Cyber Incident Victim: Oberlin College
Date:
Mar 2019
Location:
United States of America
Summary
Prospective students at Oberlin College and two other institutions received ransom demands following unauthorized access to their admission files via a vulnerability in the Slate single-sign-on system. Attackers claimed to have stolen applicant data and demanded payments of up to one Bitcoin per victim, prompting the affected colleges to confirm the breach and extortion attempts. The incident highlighted risks associated with authentication weaknesses in shared educational platforms.
| CIA Posture | Motives | Tactics, Techniques & Procedures |
|---|---|---|
| Available to members | 1 motive | 2 techniques |
| Threat Actor | Type | Location |
|---|---|---|
| 1 actor | Available to members | Available to members |
Description
In early March 2019, Oberlin College in Ohio was among three elite U.S. institutions targeted in a ransomware attack affecting applicant data. Attackers infiltrated the colleges' admission systems by exploiting a single-sign-on vulnerability in the Slate platform, a centralized system used for managing prospective student information. The breach resulted in unauthorized access to admission files containing sensitive applicant details. Threat actors subsequently sent ransom notes directly to affected prospective students, demanding payment of up to one Bitcoin (approximately $3,800 at the time) for the return of stolen data. Grinnell College publicly confirmed that its applicants had received these extortion emails, though all three institutions—including Oberlin and Hamilton College—faced identical attack patterns and demands. The incident occurred shortly before reports emerged about Chinese hackers targeting research institutions for maritime technology theft, though no direct connection between these campaigns was established in available reporting.

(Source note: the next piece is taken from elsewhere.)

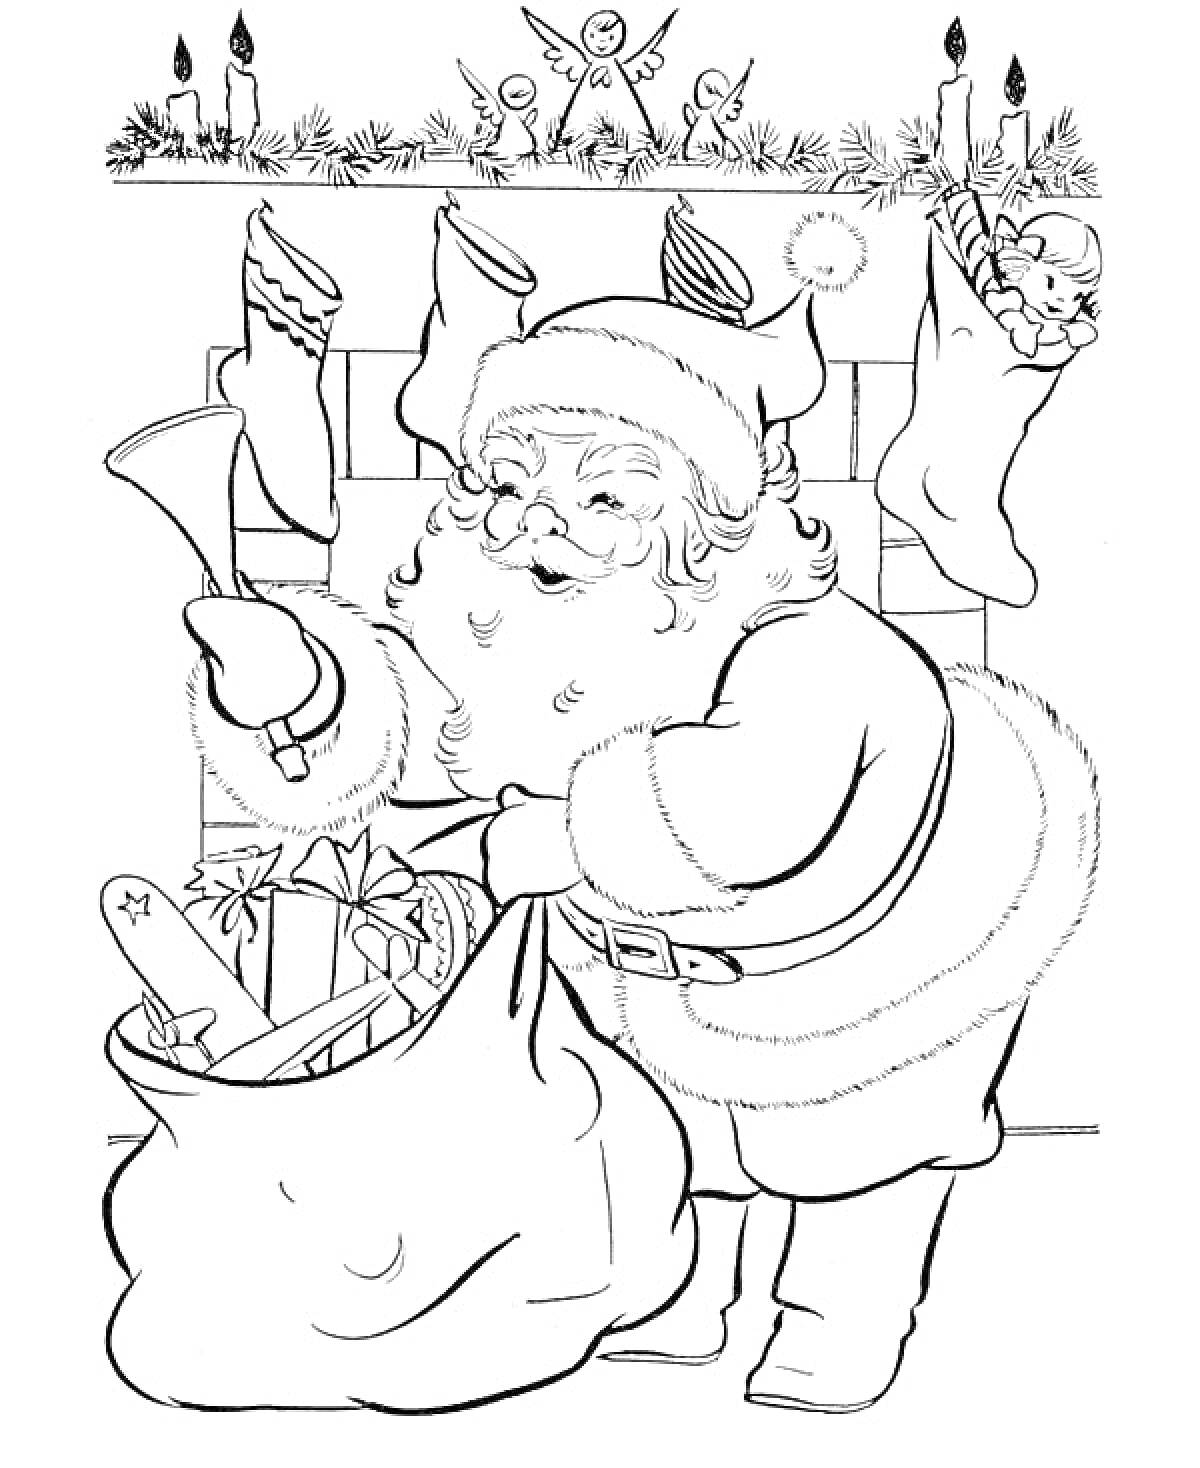 Раскраска Санта Клаус у камина с мешком подарков, носки с подарками и свечи на каминной полке
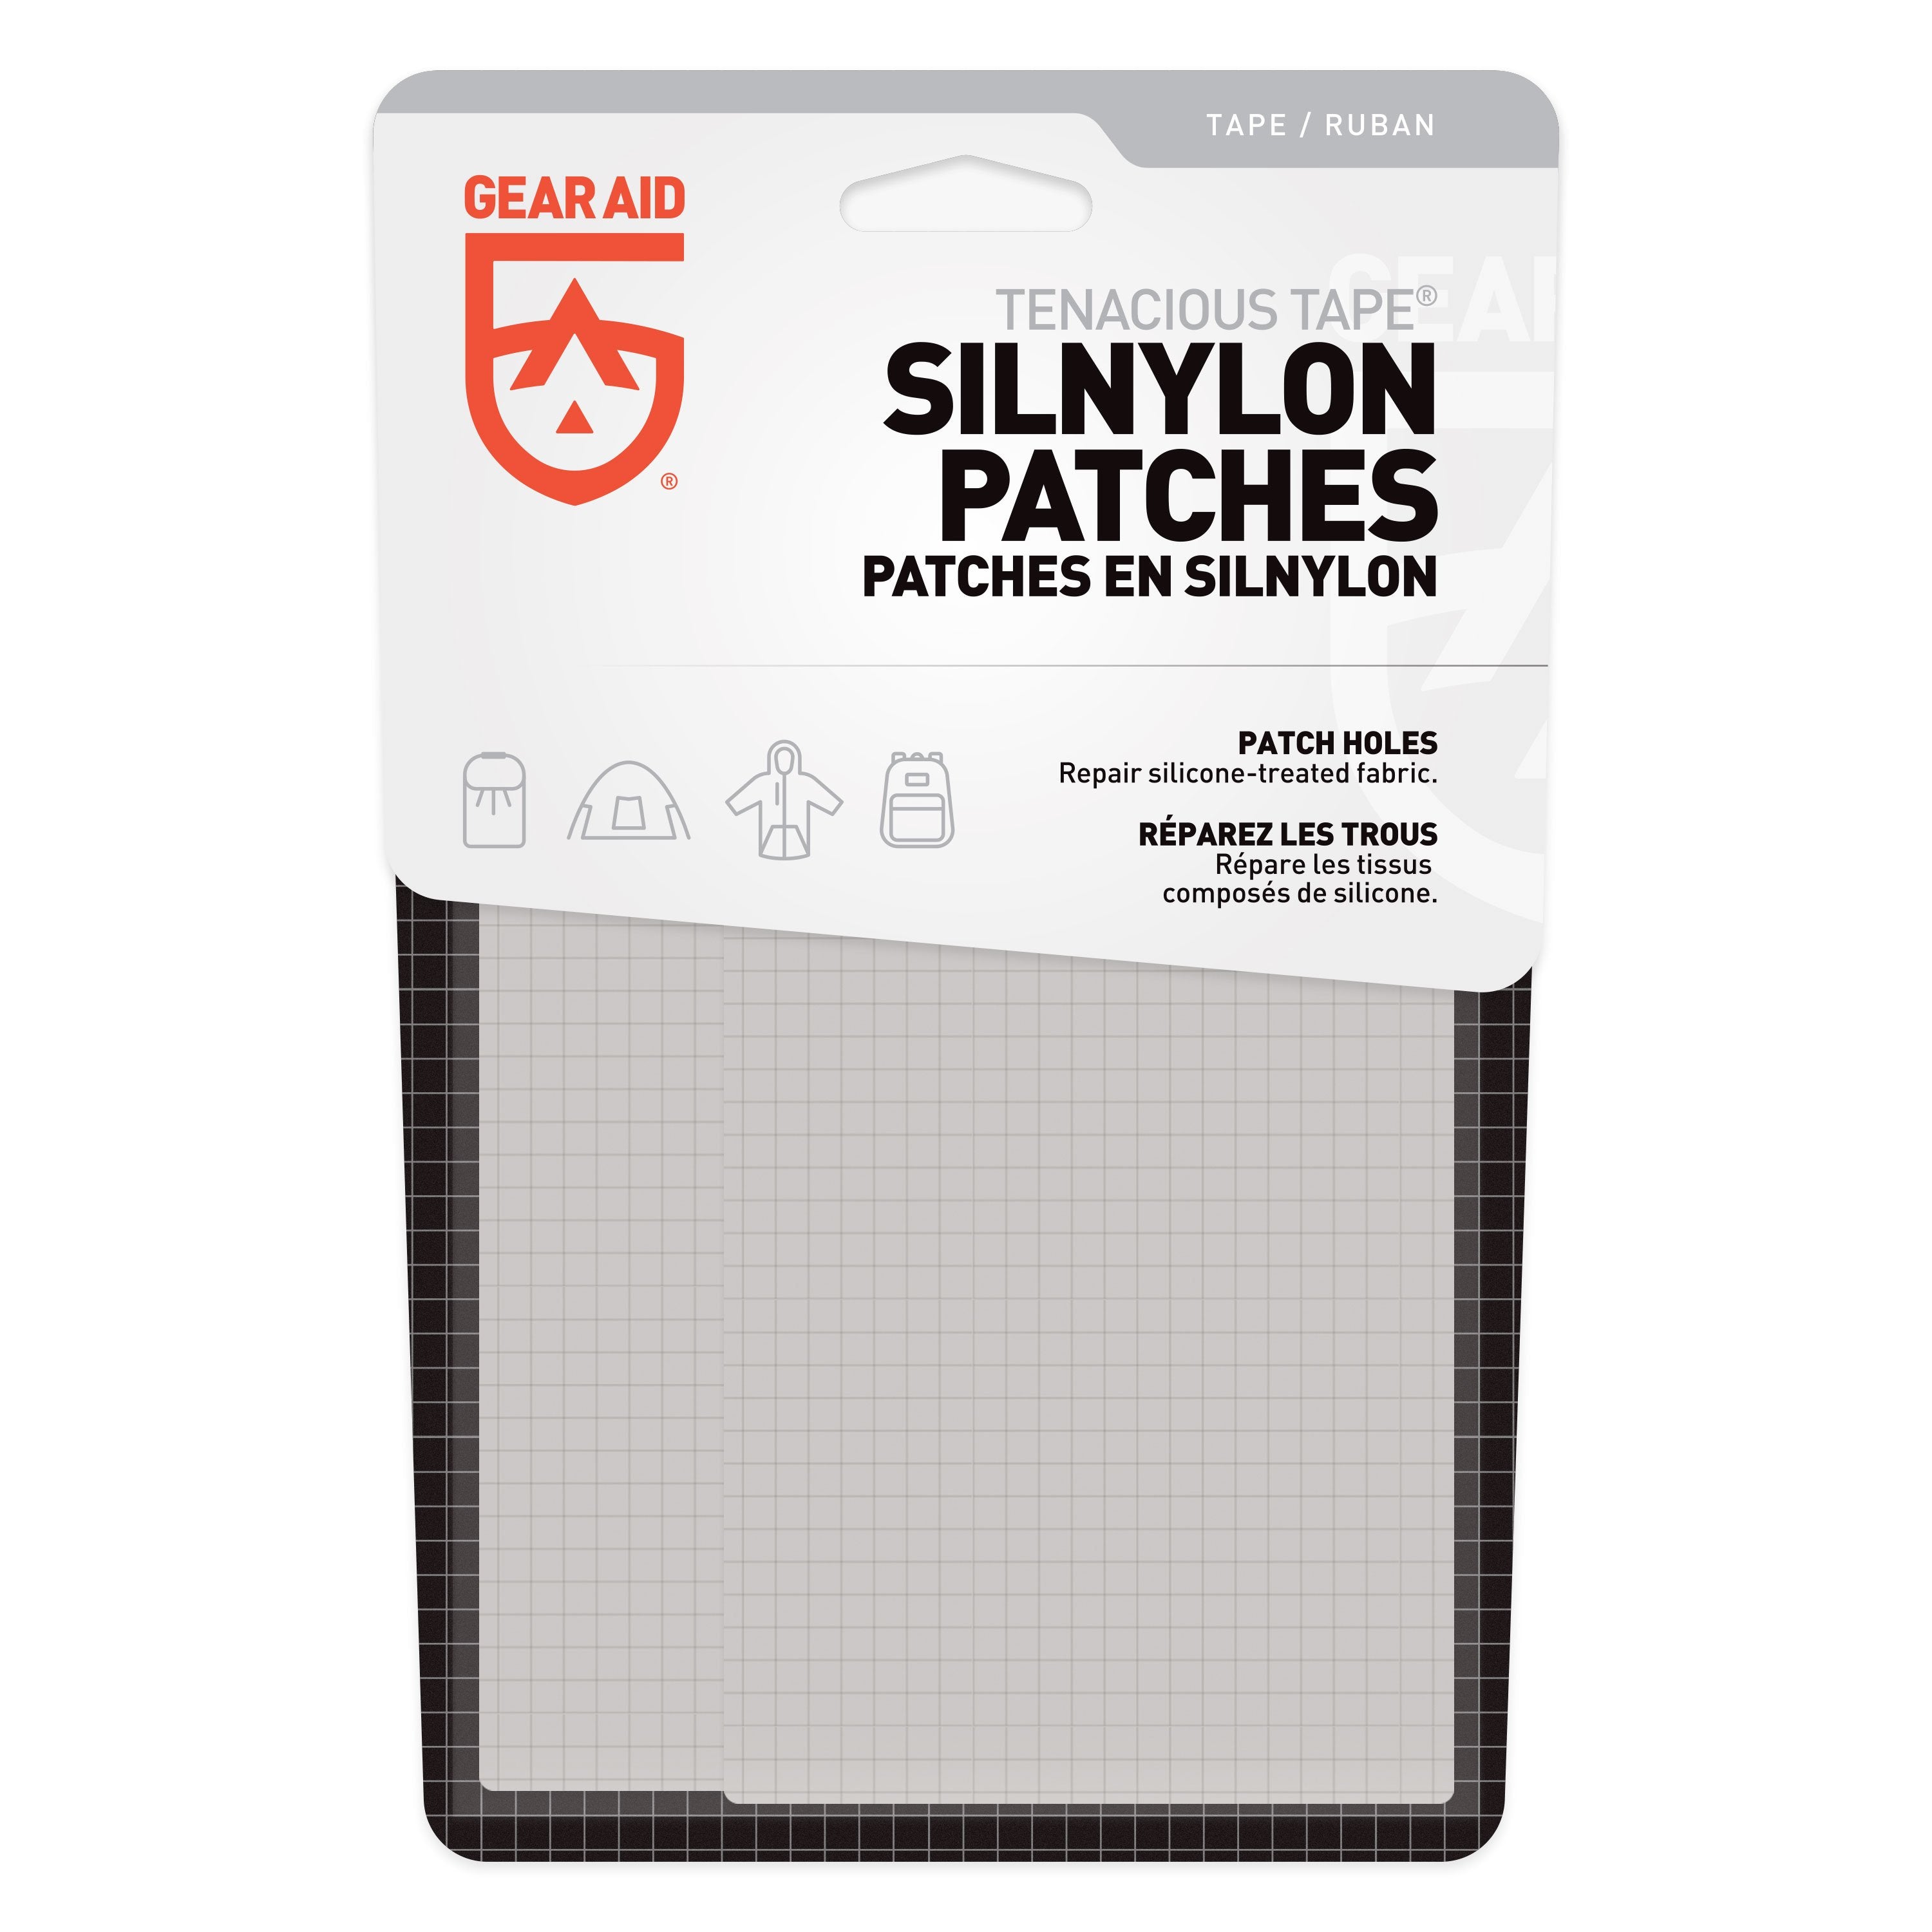 Tenacious Tape Silnylon Patches – Gossamer Gear

The colleges promptly reported the security incident, with evidence suggesting attackers specifically targeted admission records rather than broader institutional databases. While the exact number of compromised Oberlin applicants remains undisclosed, the breach exposed personal information submitted during the admissions process. Security researchers analyzing the attack emphasized that implementing two-factor authentication could have mitigated the vulnerability exploited in the Slate system. No public evidence indicated whether ransom payments were made or whether stolen data was subsequently leaked. The incident highlighted cybersecurity risks in higher education admission systems and demonstrated attackers' shift toward directly extorting individuals rather than solely targeting institutions. Financial impacts included potential Bitcoin payments demanded from victims, while reputational consequences affected multiple selective colleges simultaneously.